Dall’altra parte delle barricate, al fianco di studenti e cittadini, si schierano anche i veterani delle sanguinose guerre degli anni ’90: uomini mandati a combattere contro popoli fratelli, poi dimenticati dallo Stato. Oggi, quegli stessi veterani tornano in piazza, non per combattere un nemico esterno, ma per difendere la dignità e i diritti del proprio popolo.

Le reazioni internazionali

Tutto questo accade alle porte dell’Unione europea. La Commissaria per l’Allargamento, Marta Kos, ha dichiarato di seguire con attenzione gli sviluppi, condannando ogni forma di odio e violenza e ribadendo l’importanza del rispetto dei diritti fondamentali. Tuttavia, molti serbi percepiscono l’UE come distante dal popolo e troppo vicina al governo. Emblematico è il caso del progetto di estrazione del litio “Rio Tinto”, che – se realizzato – avrebbe conseguenze ambientali devastanti sul territorio.

Una voce che chiede giustizia

Dietro le barricate e le cariche della polizia, c’è una popolazione che lotta ogni giorno per riconquistare la propria voce, in un contesto in cui la repressione è la risposta alla richiesta di diritti. Eppure, di tutto questo si parla fin troppo poco.

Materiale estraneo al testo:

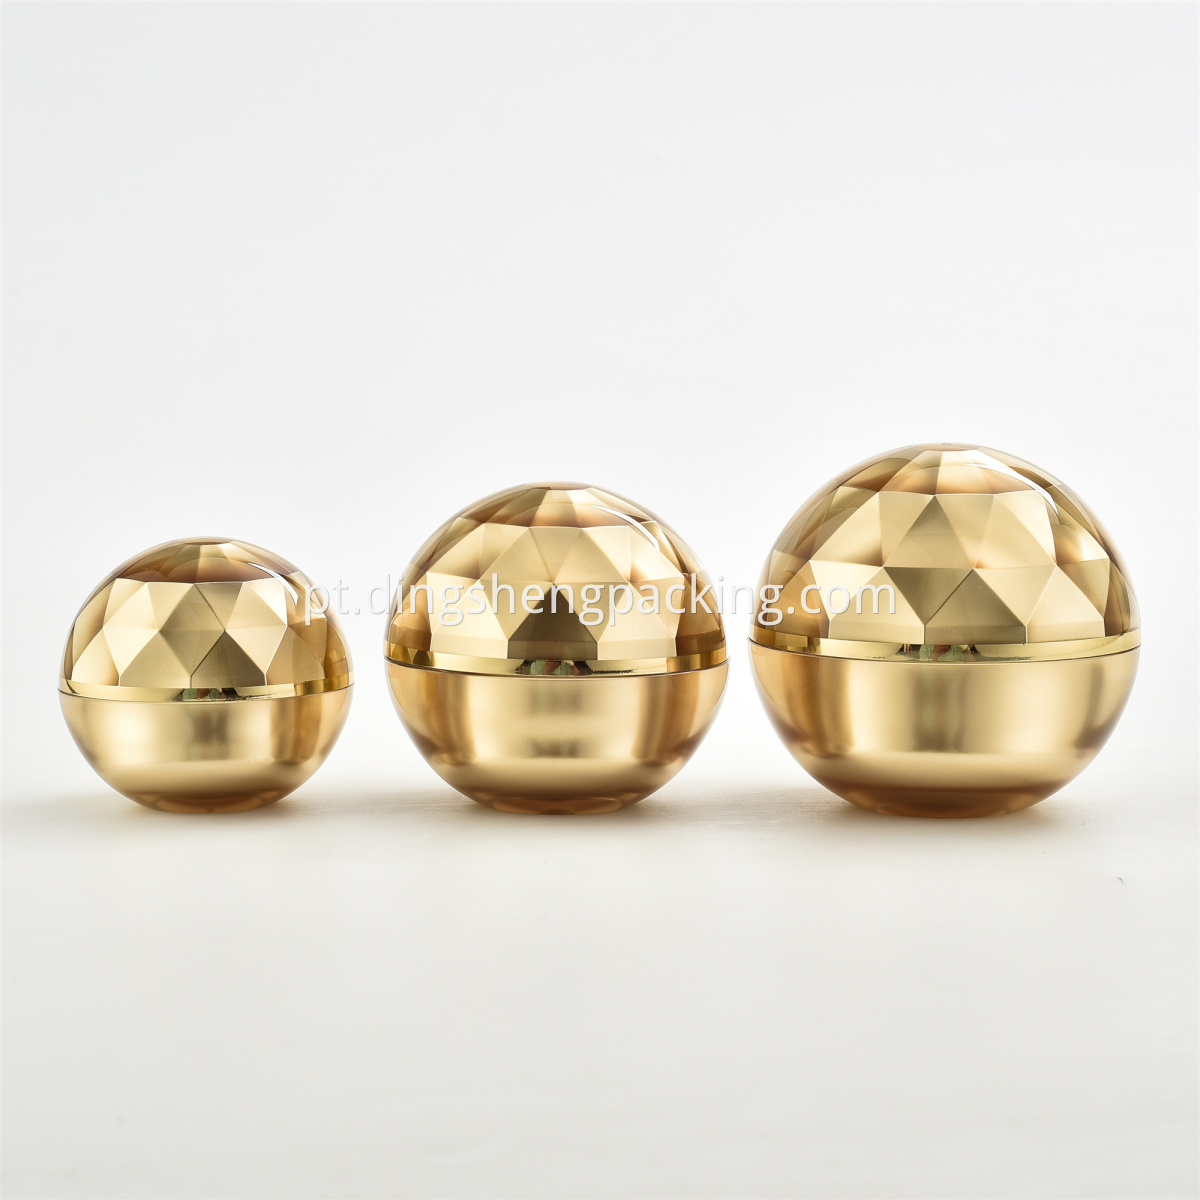 Ball Shaped Luxury Cosmetic Packaging

L’Occidente non può restare indifferente

E l’Occidente in tutto ciò non può restare indifferente. Anche se si tratta di una battaglia interna a uno Stato sovrano, abbiamo il dovere morale di fare ciò che è nelle nostre possibilità: informare, denunciare, sostenere chi lotta per la libertà. Perché la democrazia non è mai solo una questione nazionale: è un bene comune, fragile e prezioso, che riguarda tutti noi, cittadini europei.